#### Work to be completed
Would you return the data exactly as given, except for its pictures?

#### Recorded information
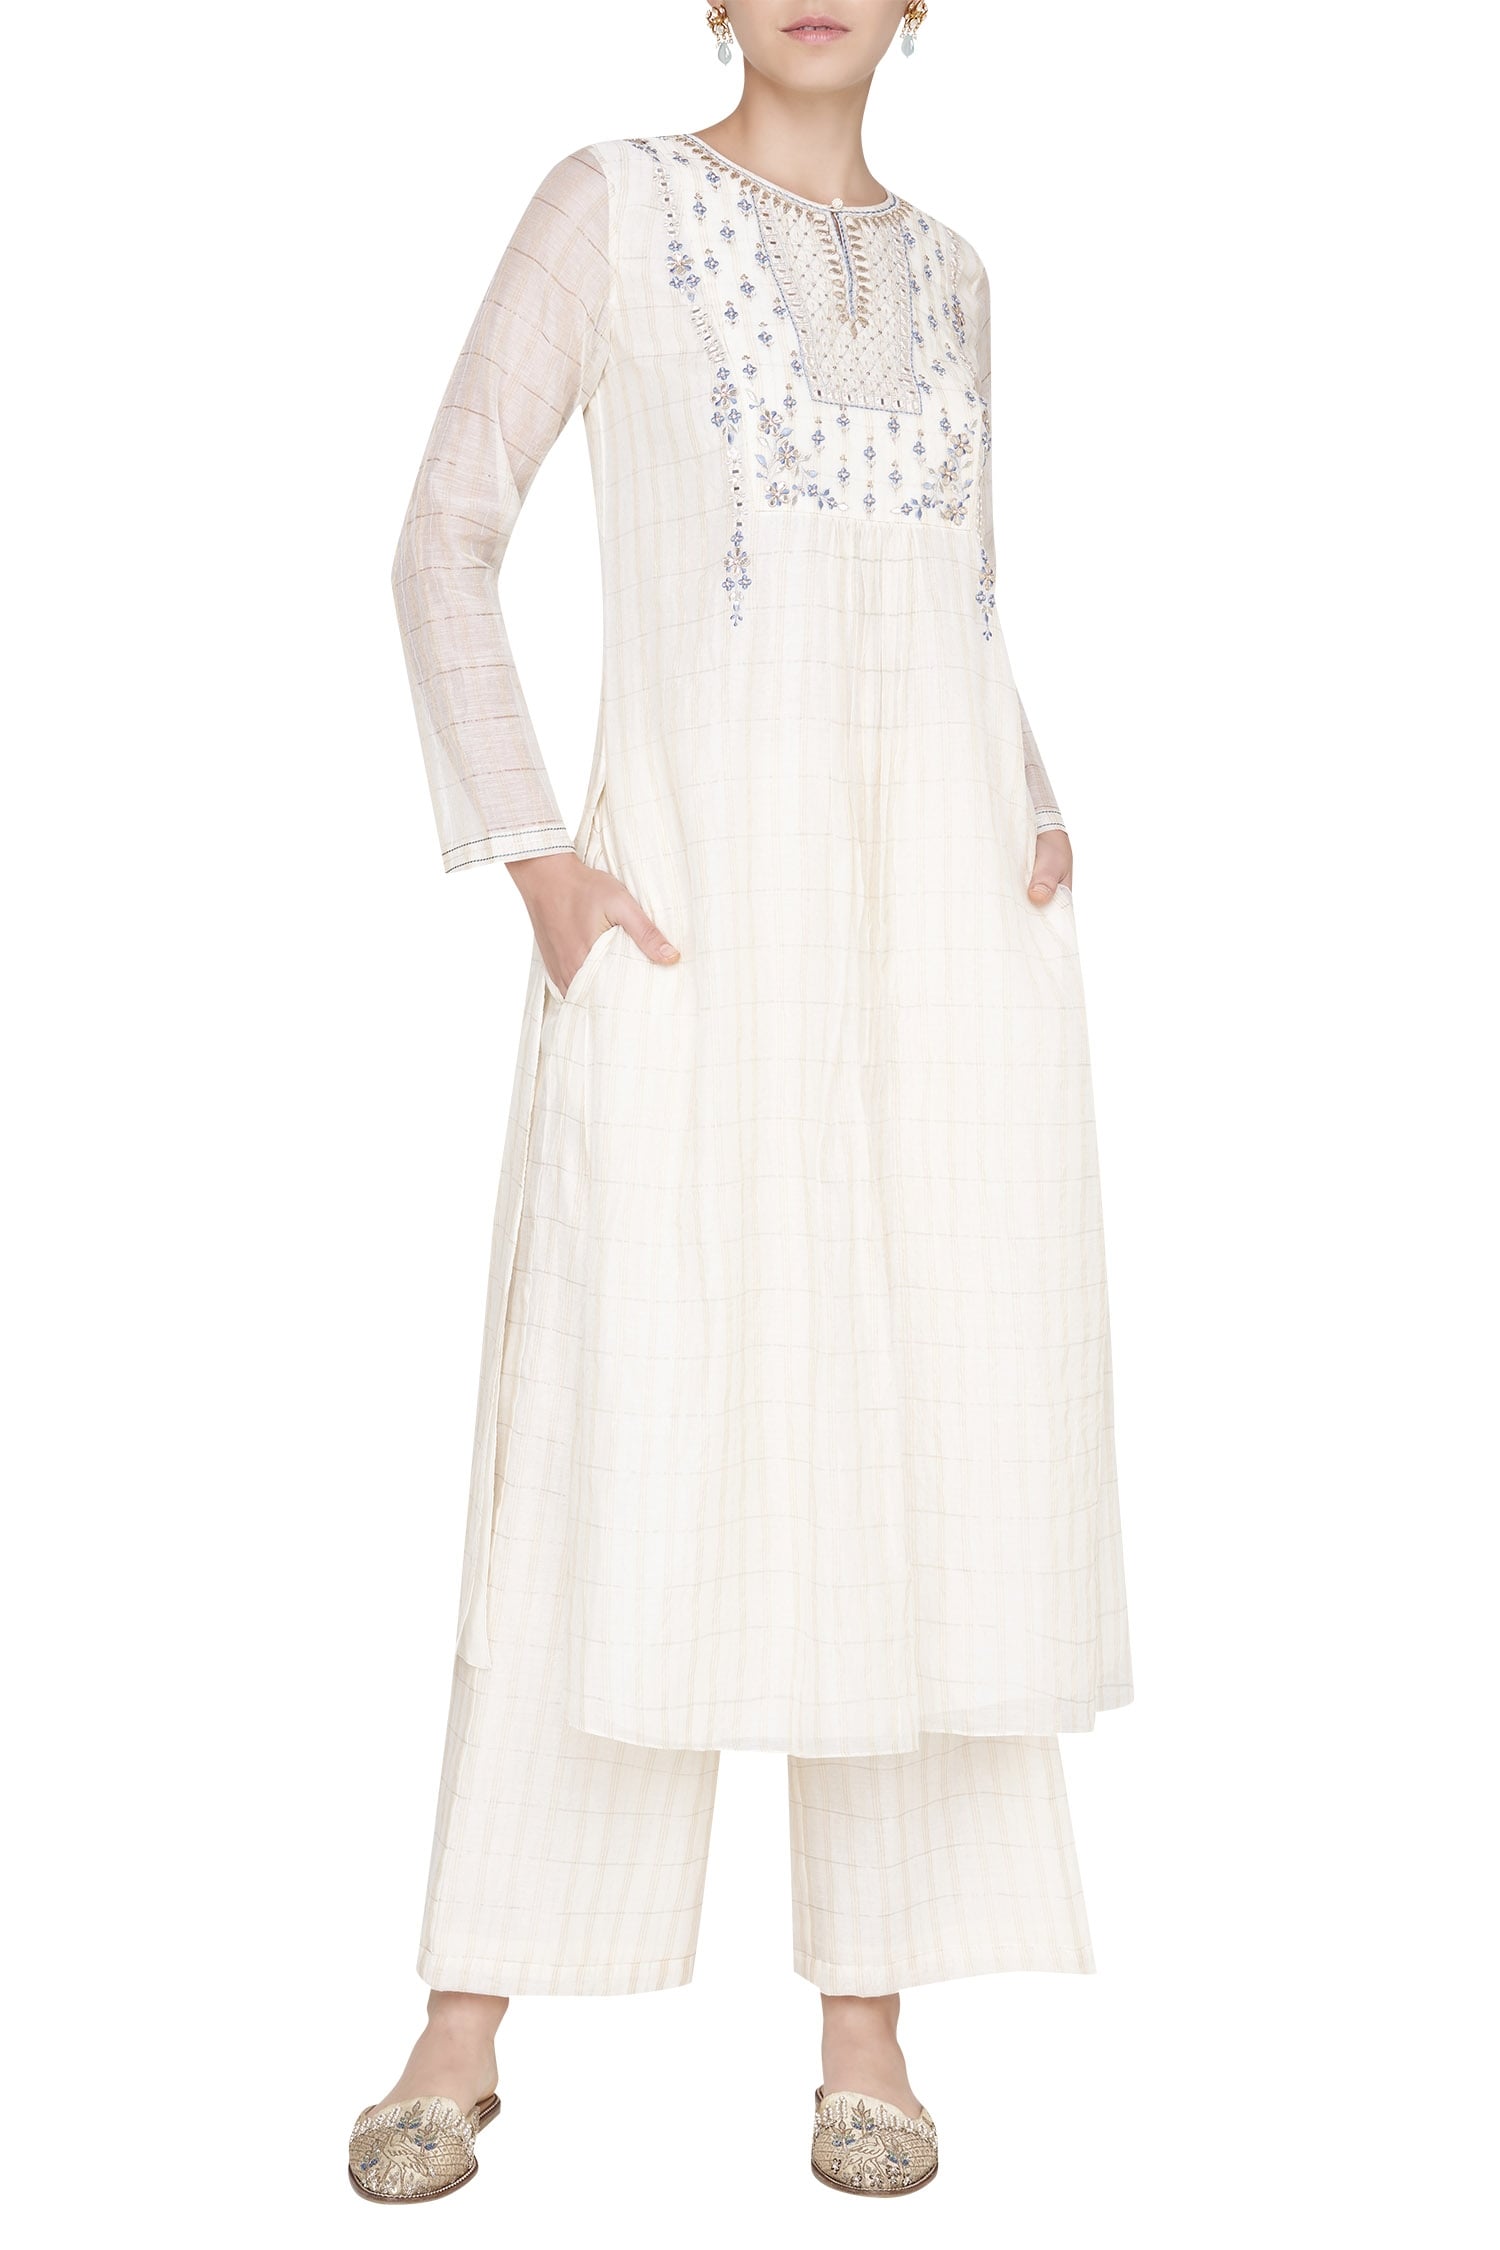 Buy Anita Dongre Sabeena Set Online | Aza Fashions
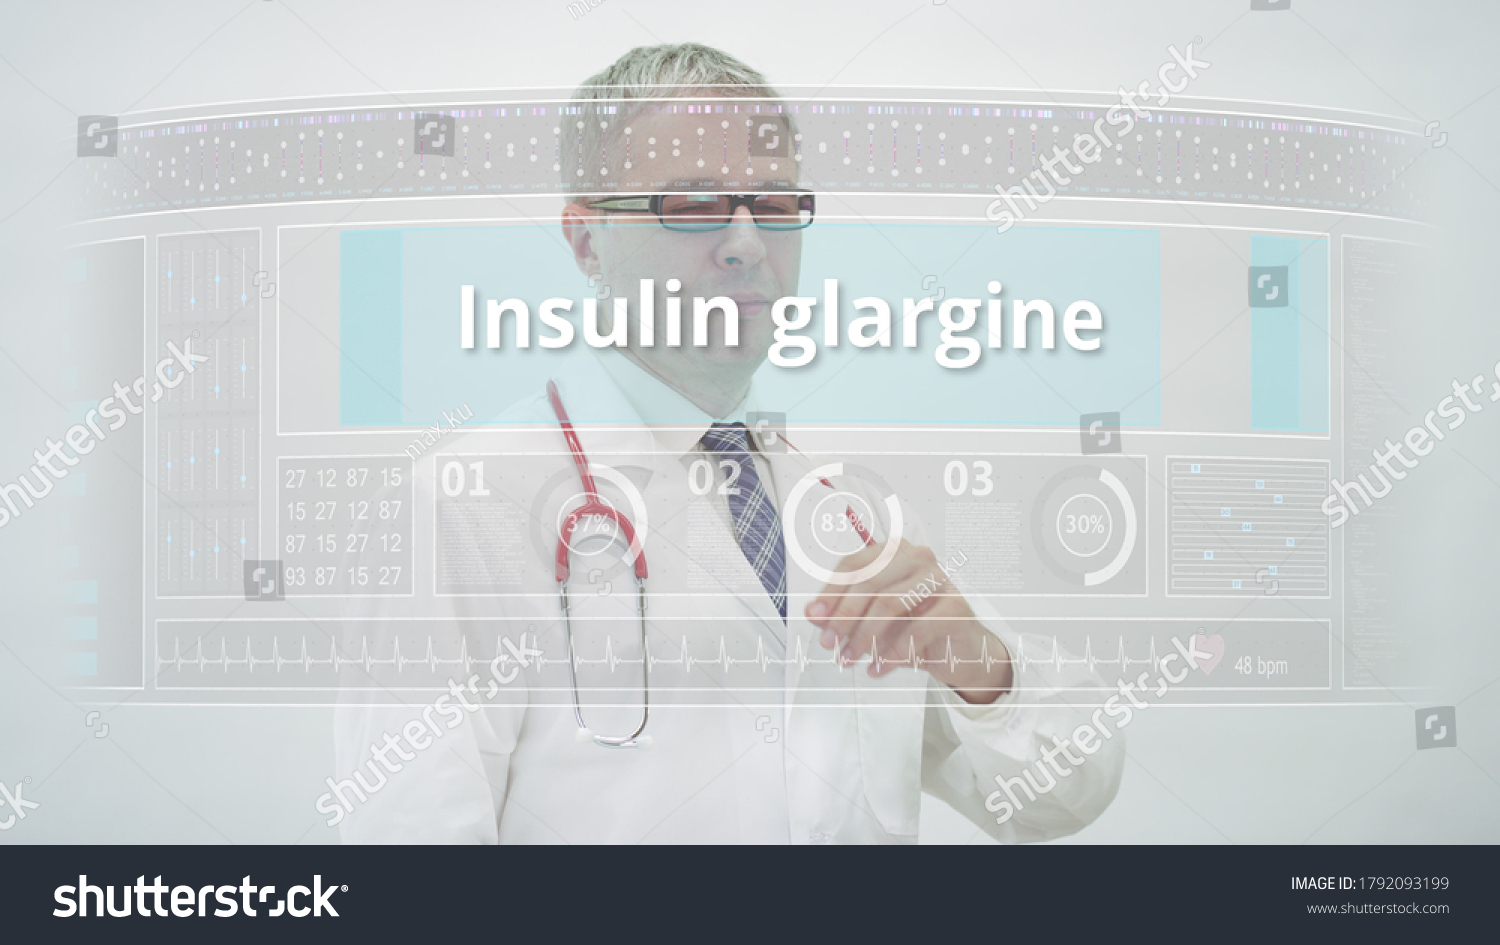 Doctor scrolls to INSULIN GLARGINE generic drug name on a touchscreen display
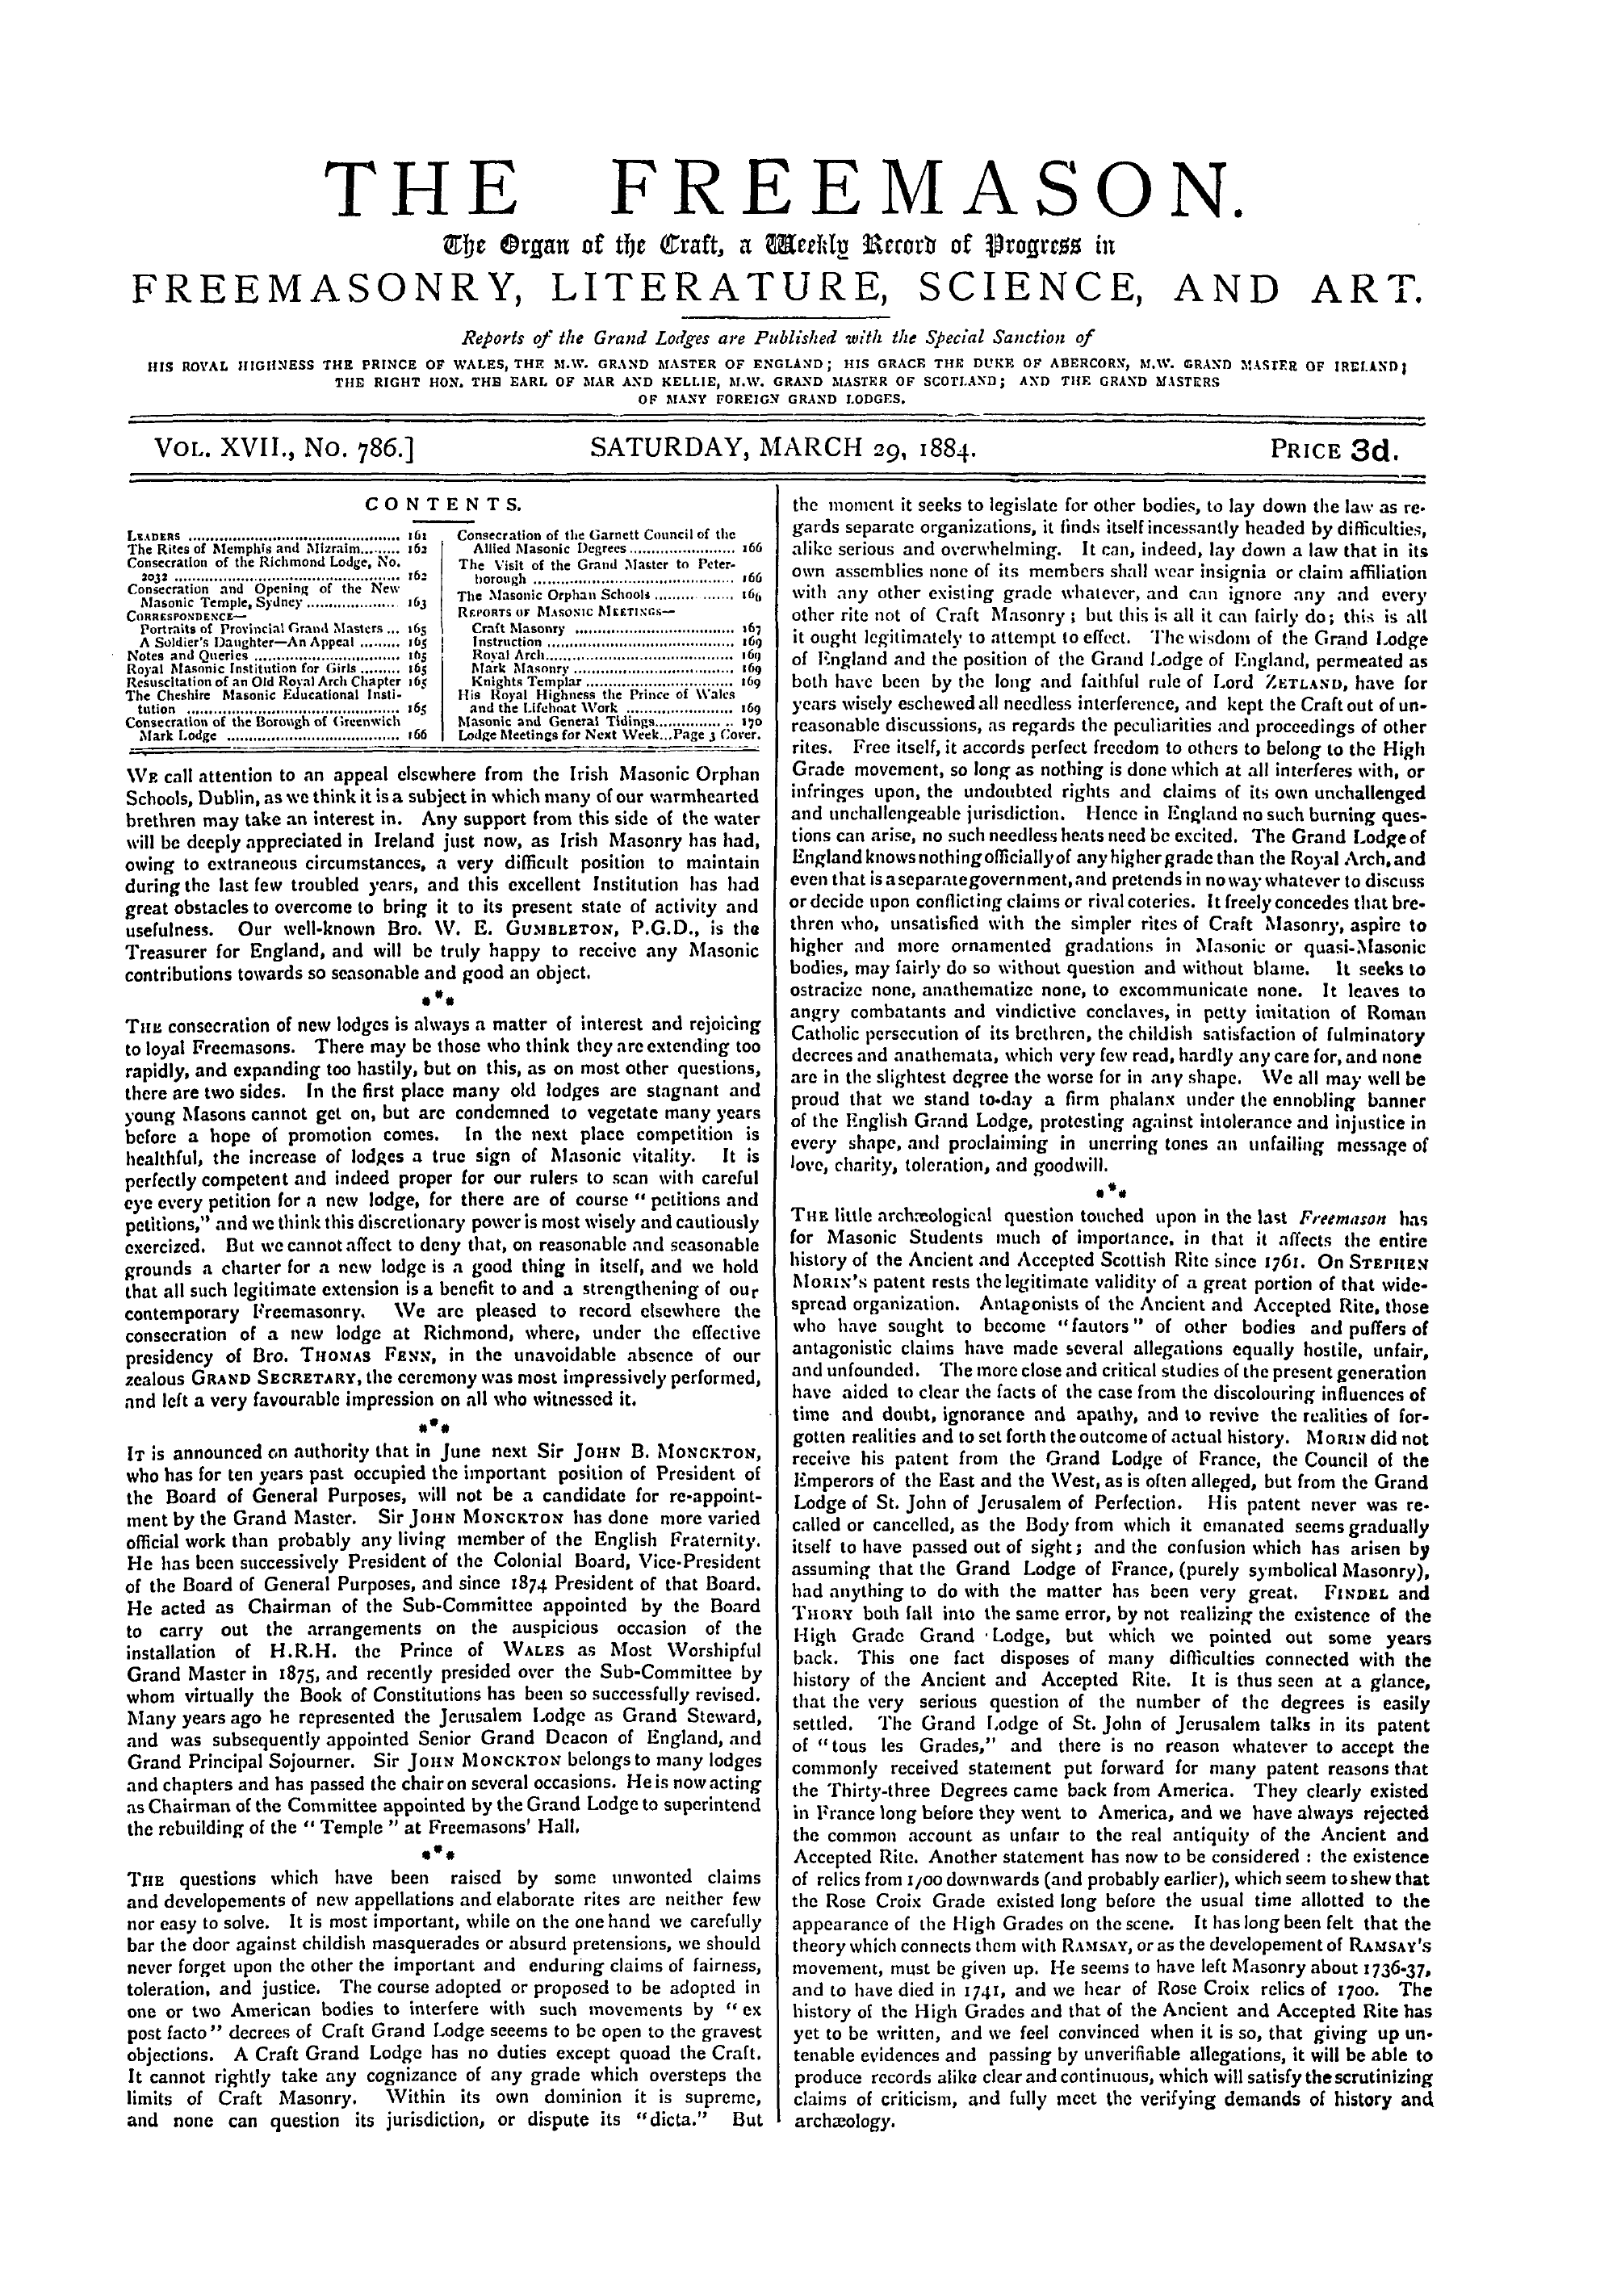 The Freemason: 1884-03-29 - Contents.

#### Response box
 Buy Anita Dongre Sabeena Set Online | Aza Fashions
 Doctor scrolls to INSULIN GLARGINE generic drug name on a touchscreen display
 The Freemason: 1884-03-29 - Contents.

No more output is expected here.